10  Net Debt to adjusted EBITDA ratios are non-GAAP financial measures that are frequently used by investors and credit rating agencies to provide relevant and useful information. Our Net Debt to Adjusted EBITDA ratio is calculated by dividing the Net Debt of $168.9 billion (Total Debt of $180.2 billion at March 31, 2021 less Cash and Cash Equivalents of $11.3 billion) by the sum of the most recent four quarters of Adjusted EBITDA of $53.9 billion ($14.1 billion for June 30, 2020; $13.3 billion for September 30, 2020; $12.9 billion for December 31, 2020; and $13.6 billion for March 31, 2021).

11  The more than 2.5 million U.S. business customer locations are included within the 9.0+ million U.S. business customer locations on or within 1,000 feet of our fiber.

12  The company expects adjustments to 2021 reported diluted EPS to include merger-related amortization in the range of $4.3 billion and other adjustments, a non-cash mark-to-market benefit plan gain/loss, and other items.
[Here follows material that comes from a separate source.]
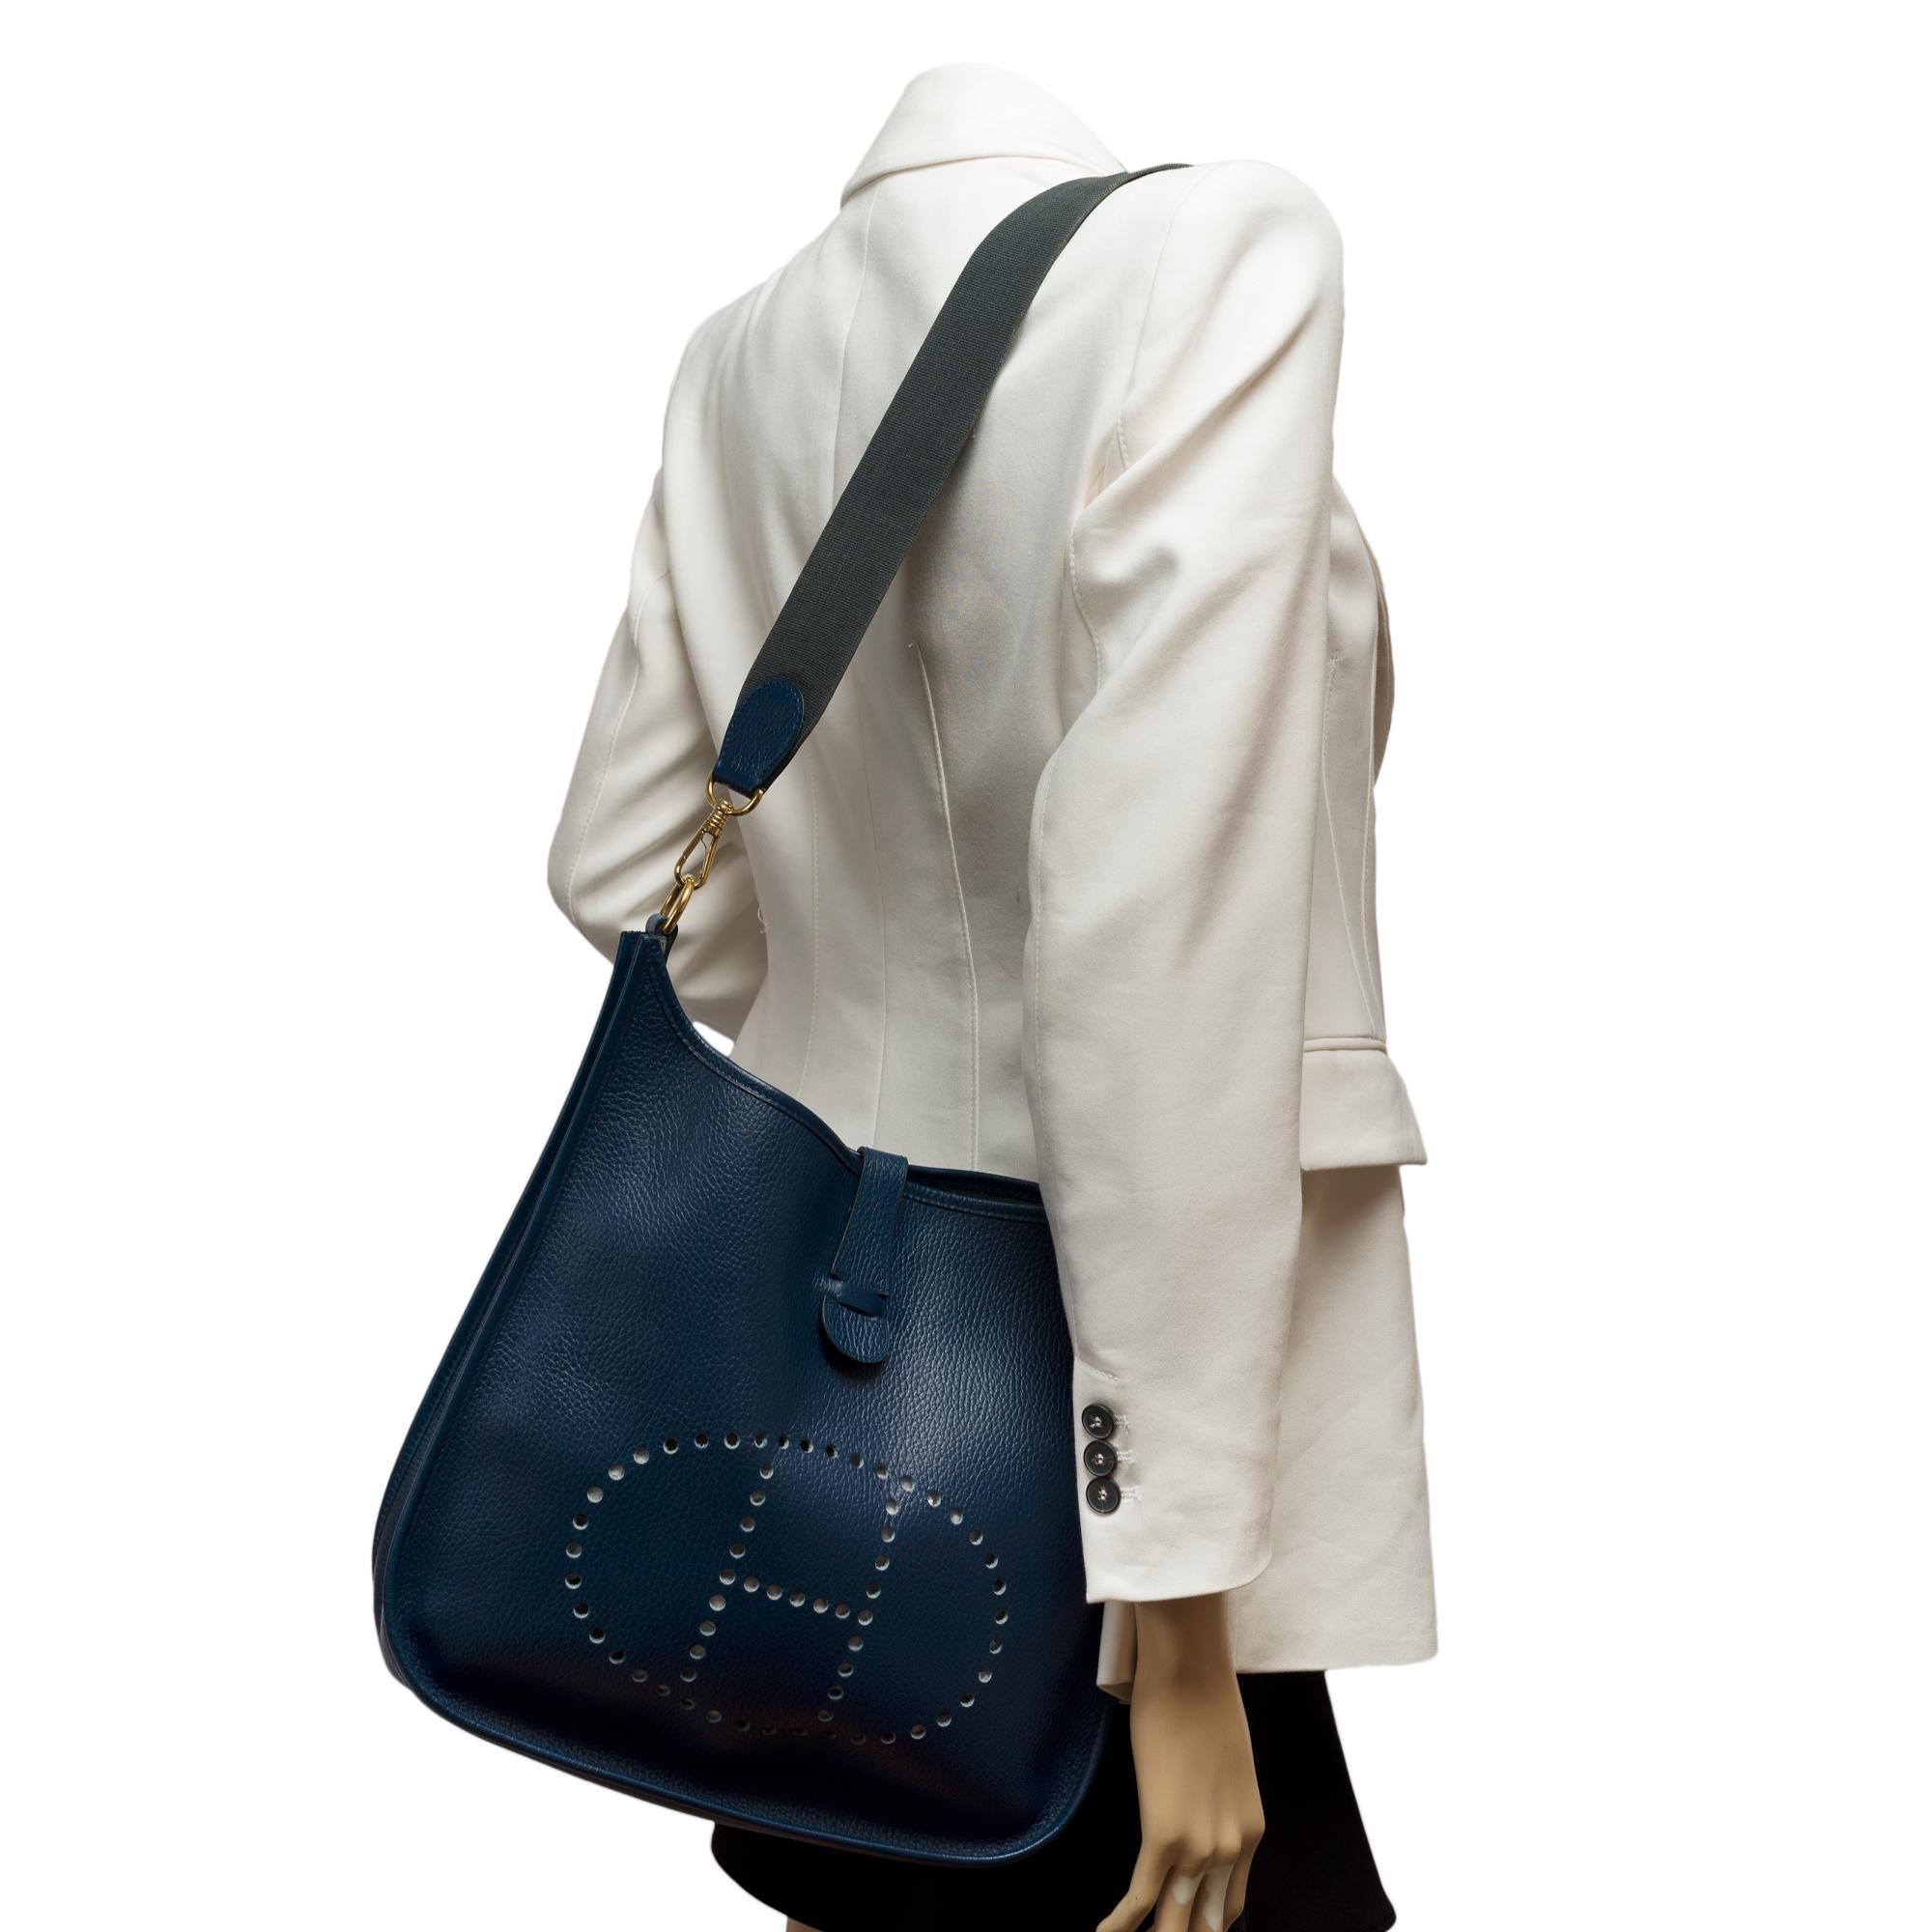 Hermès Evelyne GM  shoulder bag in Navy Blue Taurillon Clemence leather, GHW 9

The company expects the mark-to-market adjustment, which is driven by interest rates and investment returns that are not reasonably estimable at this time, to be a significant item. Our 2021 EPS depends on future levels of revenues and expenses which are not reasonably estimable at this time. Accordingly, we cannot provide a reconciliation between these projected non-GAAP metrics and the reported GAAP metrics without unreasonable effort.